## WORK REQUIRED:
Begin at the line that holds "500 bonus deposit online casino" and copy each line exactly until the data below ends, including that last line but no pictures.

## SOURCE MATERIAL:
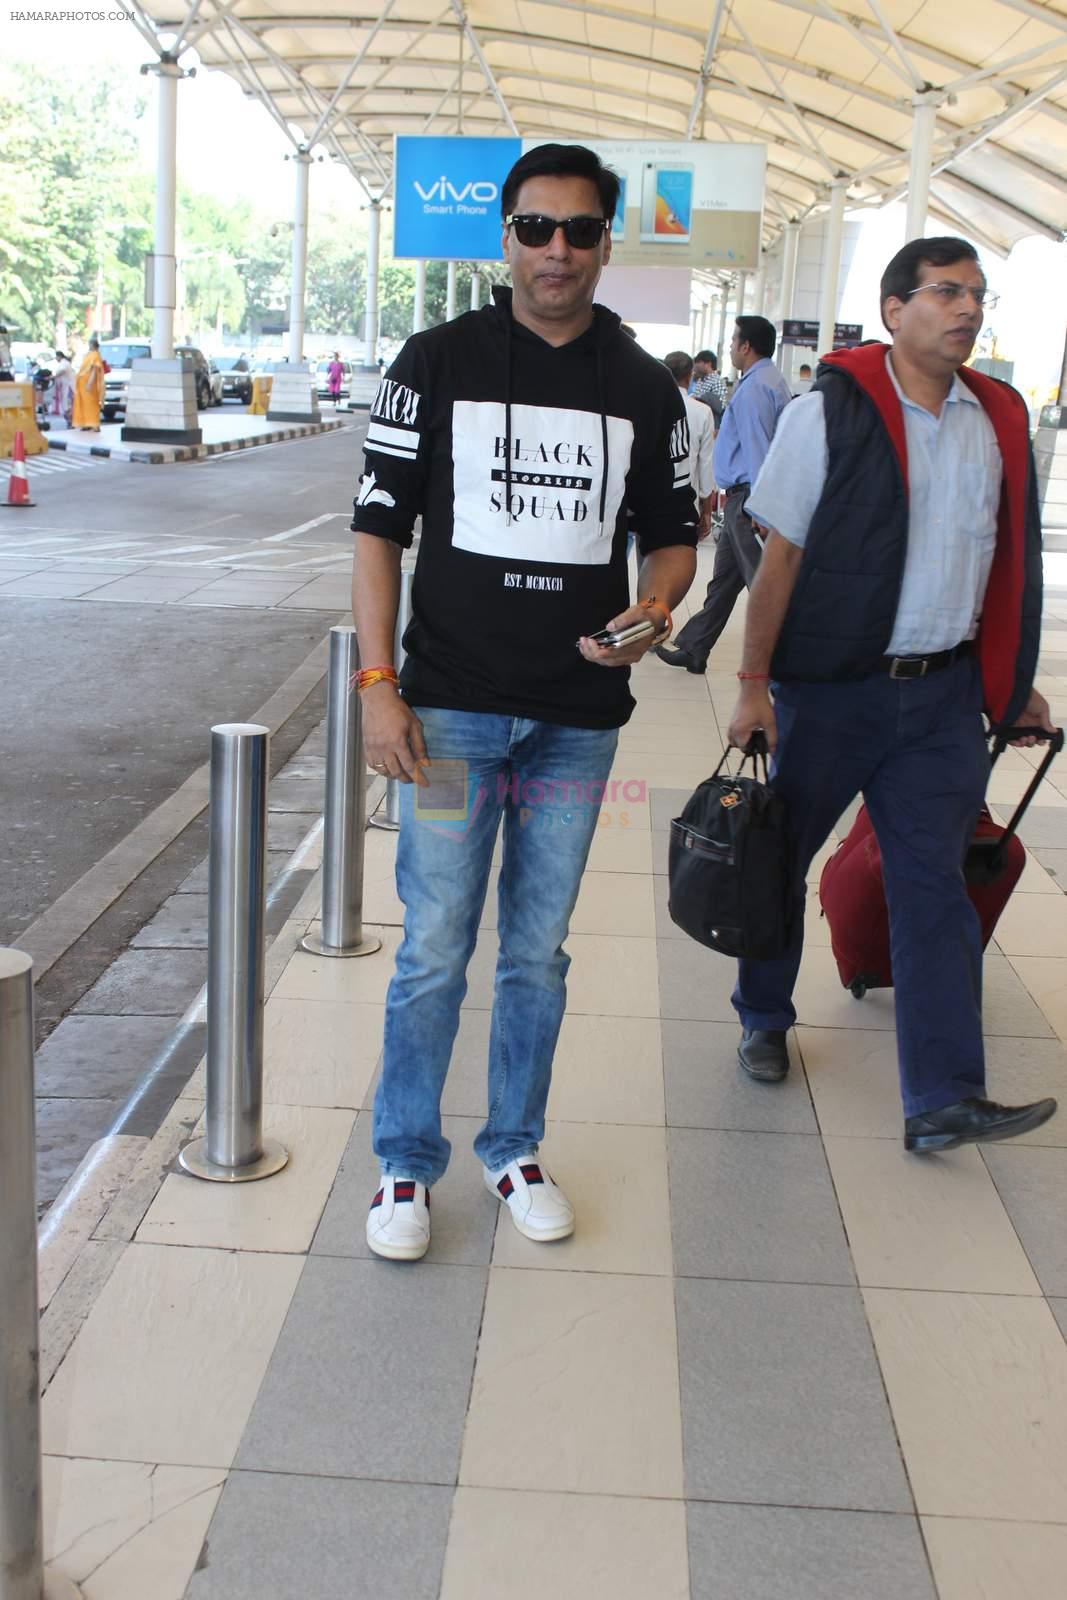 Madhur BHandarkar snapoped at airport on 7th Dec 2015
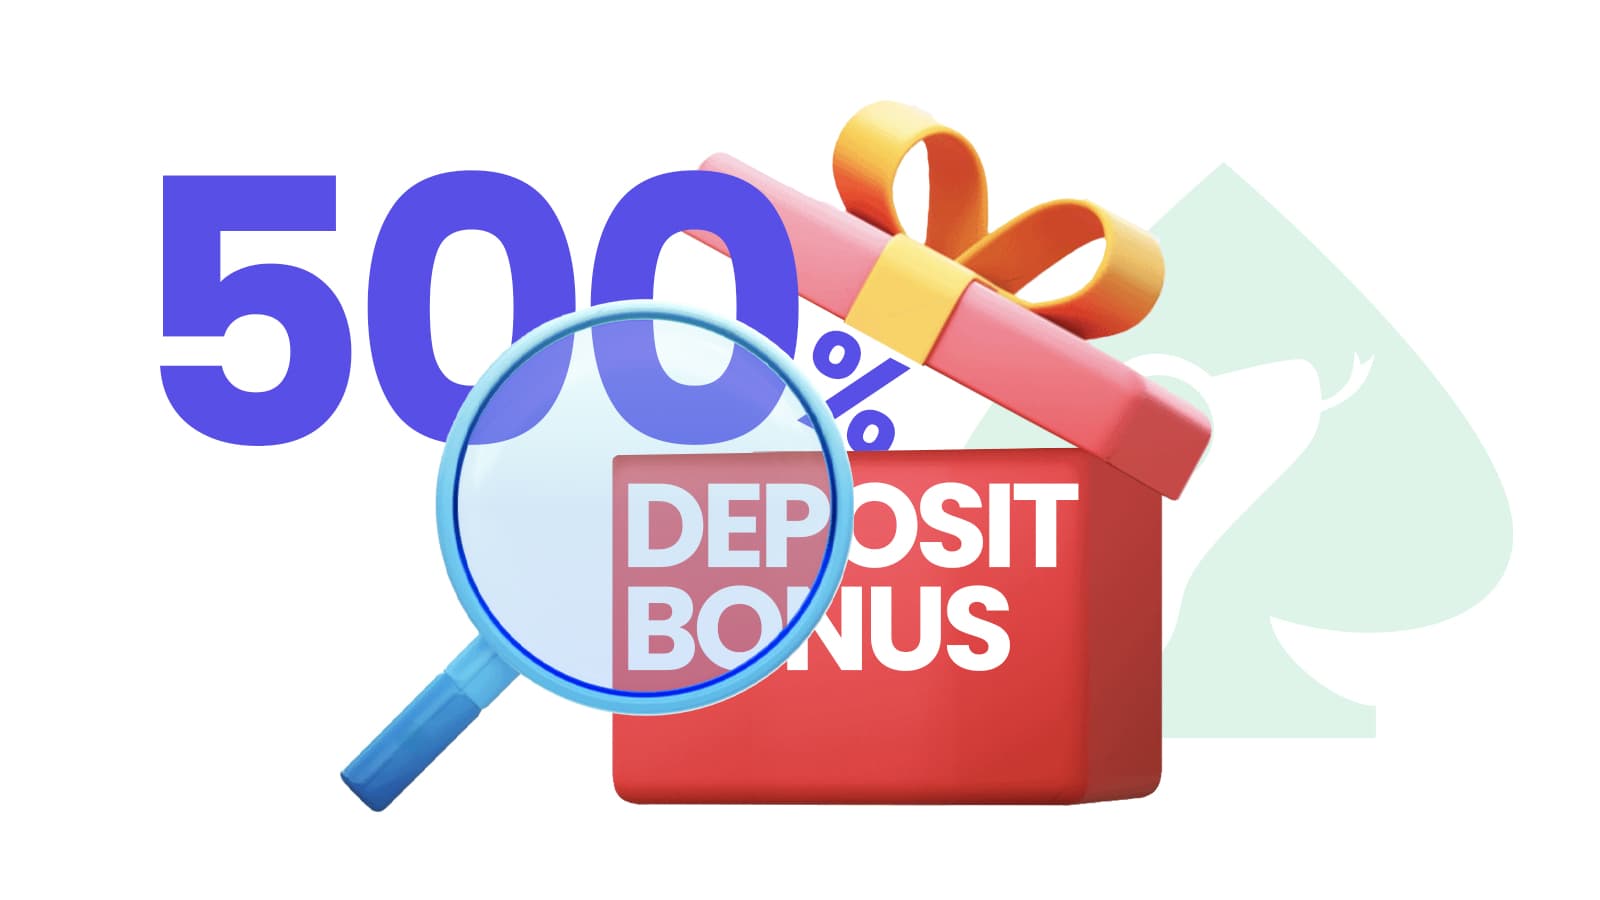 500 bonus deposit online casino
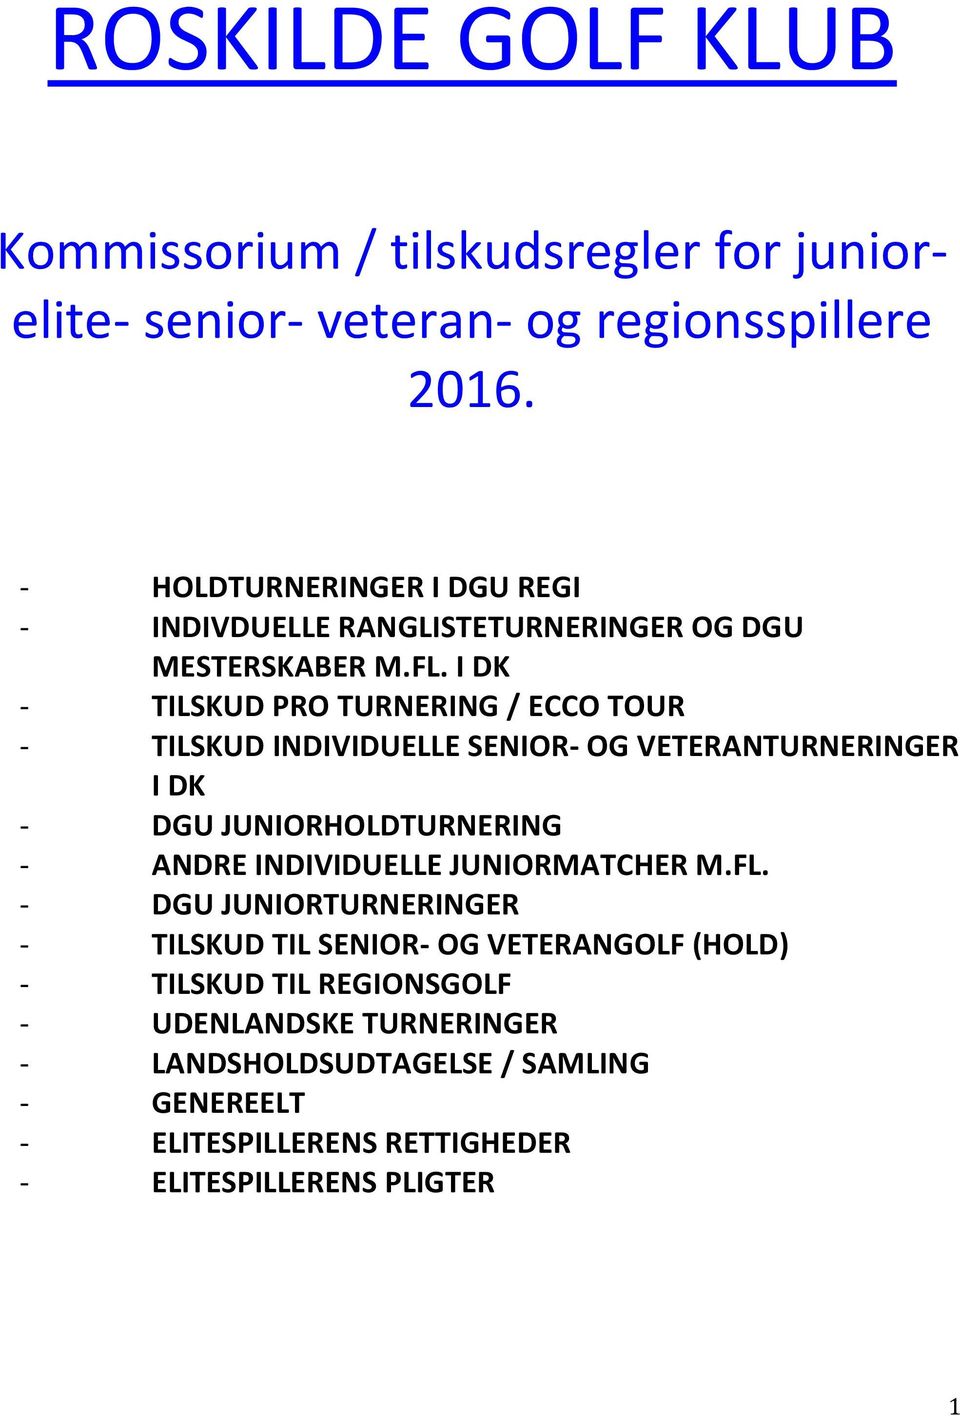 I DK - TILSKUD PRO TURNERING / ECCO TOUR - TILSKUD INDIVIDUELLE SENIOR- OG VETERANTURNERINGER I DK - DGU JUNIORHOLDTURNERING - ANDRE INDIVIDUELLE

## ANSWER TO THIS TASK:
 500 bonus deposit online casino
 I DK - TILSKUD PRO TURNERING / ECCO TOUR - TILSKUD INDIVIDUELLE SENIOR- OG VETERANTURNERINGER I DK - DGU JUNIORHOLDTURNERING - ANDRE INDIVIDUELLE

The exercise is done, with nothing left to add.